I've done as you suggested. What do I do now? I have the last window exactly as in your picture.


----------



## loda117 (Aug 6, 2010)

*Re: Incorrect IP Address*

do you have a little icon like this by the clock


----------



## Rose of Sharon (Aug 12, 2011)

*Re: Incorrect IP Address*

Yes. The wireless is not connected.


----------



## loda117 (Aug 6, 2010)

*Re: Incorrect IP Address*

ok Right Click on that icon 
Click on View Available Wireless Networks 









Let it search and it should come with few 
Select your wireless network 
Then click Connect


----------



## Rose of Sharon (Aug 12, 2011)

*Re: Incorrect IP Address*

It gives me 'Printer Server 2DBD077.


----------



## Rose of Sharon (Aug 12, 2011)

*Re: Incorrect IP Address*

That's the only option it gives.


----------



## loda117 (Aug 6, 2010)

*Re: Incorrect IP Address*

In that window, left hand side you will see "
refresh network list" Click on that 

Do you happen to know which wireless network do other laptops connect to?
If they connect to the "printer server 2dbd077" then thats the one you want to connect as well


----------



## Rose of Sharon (Aug 12, 2011)

*Re: Incorrect IP Address*

When i clicked on 'refresh network list' it remained the same.
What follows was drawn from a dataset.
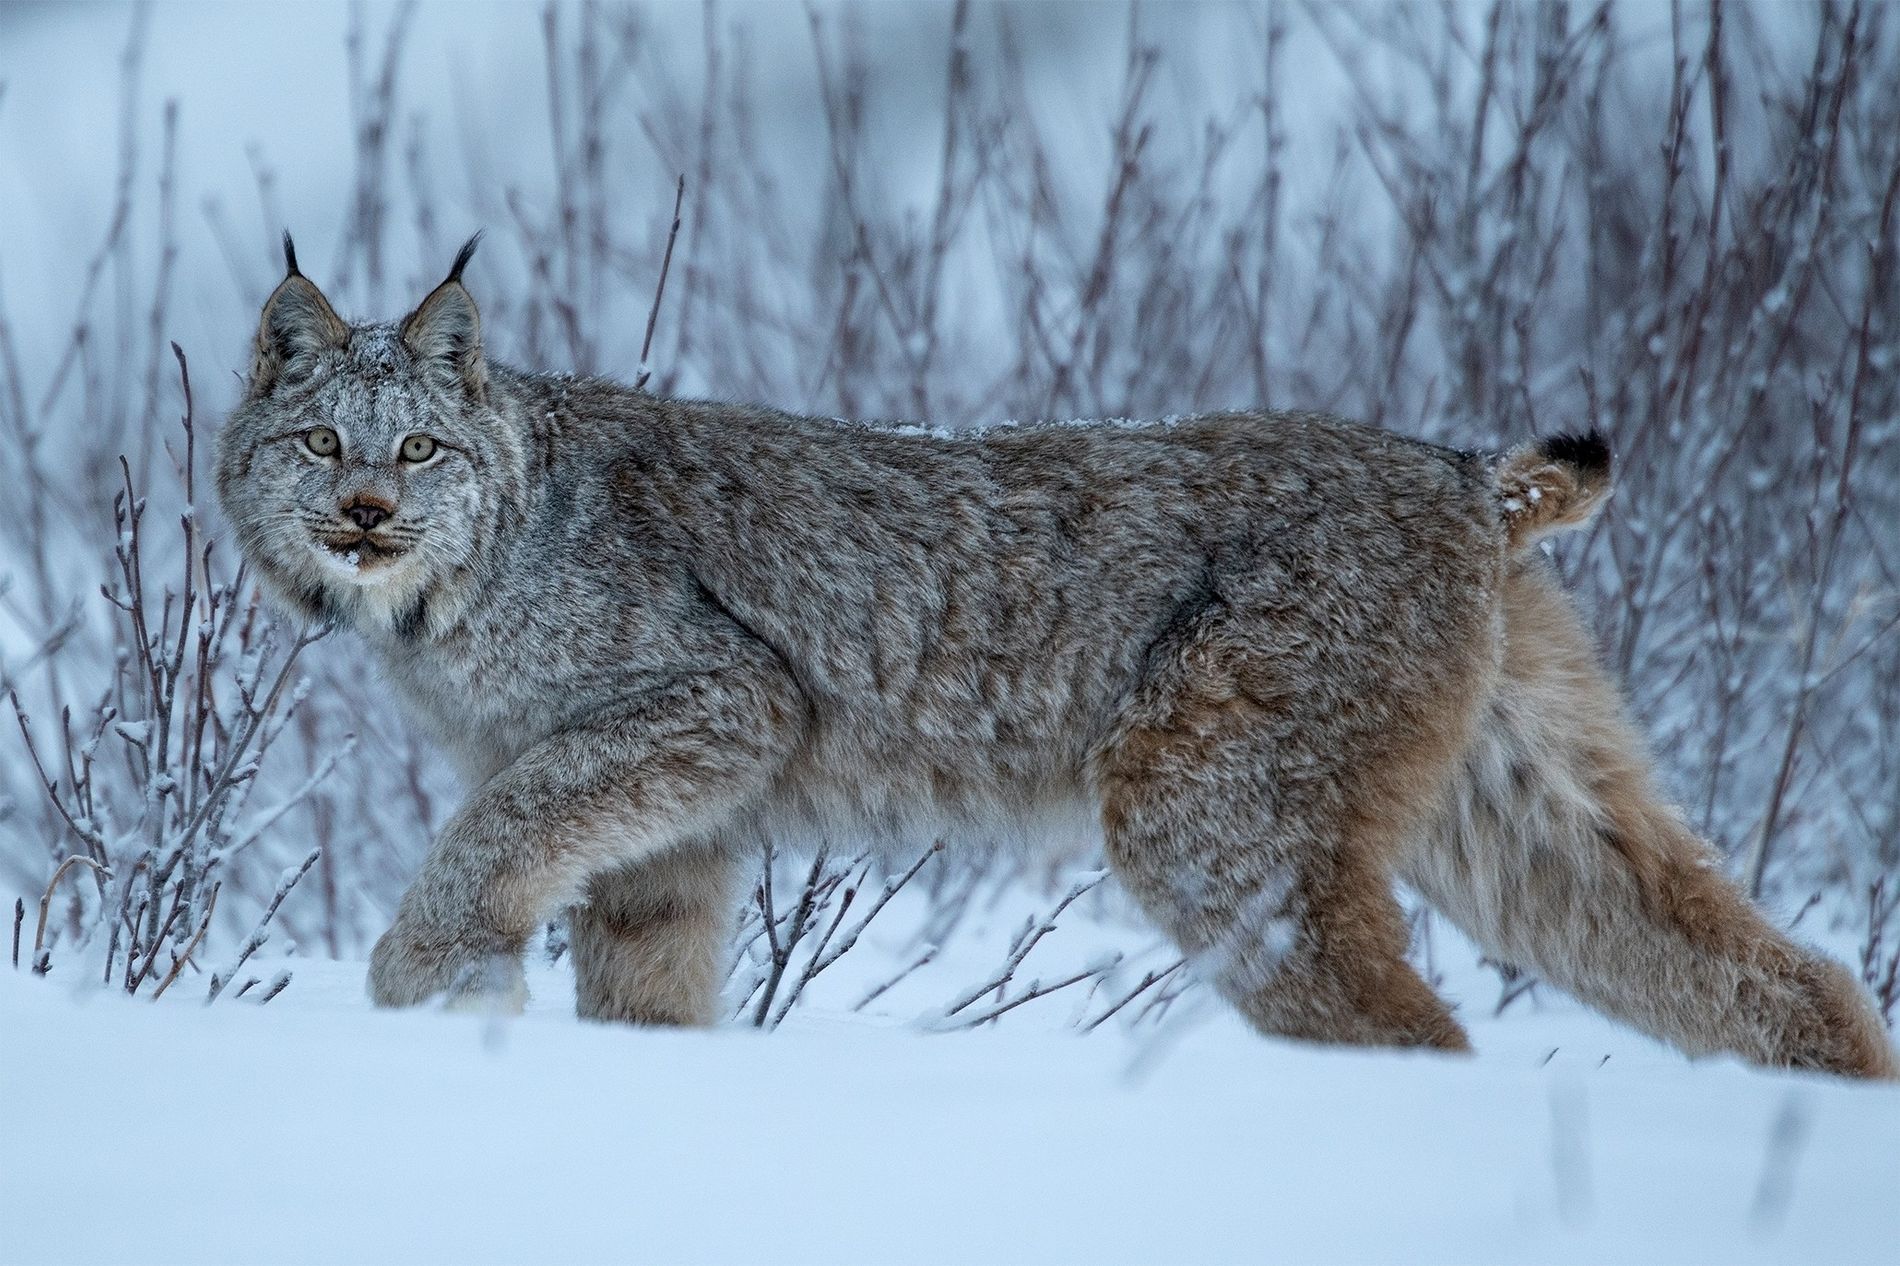 Meet the Canadian Lynx

The username of the wireless we use is Redman1234.


----------



## Rose of Sharon (Aug 12, 2011)

*Re: Incorrect IP Address*

The name of the wireless is Dana. not Printer Server. And that one is no where to be found.


----------



## Wand3r3r (Sep 17, 2010)

*Re: Incorrect IP Address*

Has this ever worked?

Know how to get to device manager? You would want to check under Networks that the wireless interface has no yellow exclaimation point indicating the drivers are not installed.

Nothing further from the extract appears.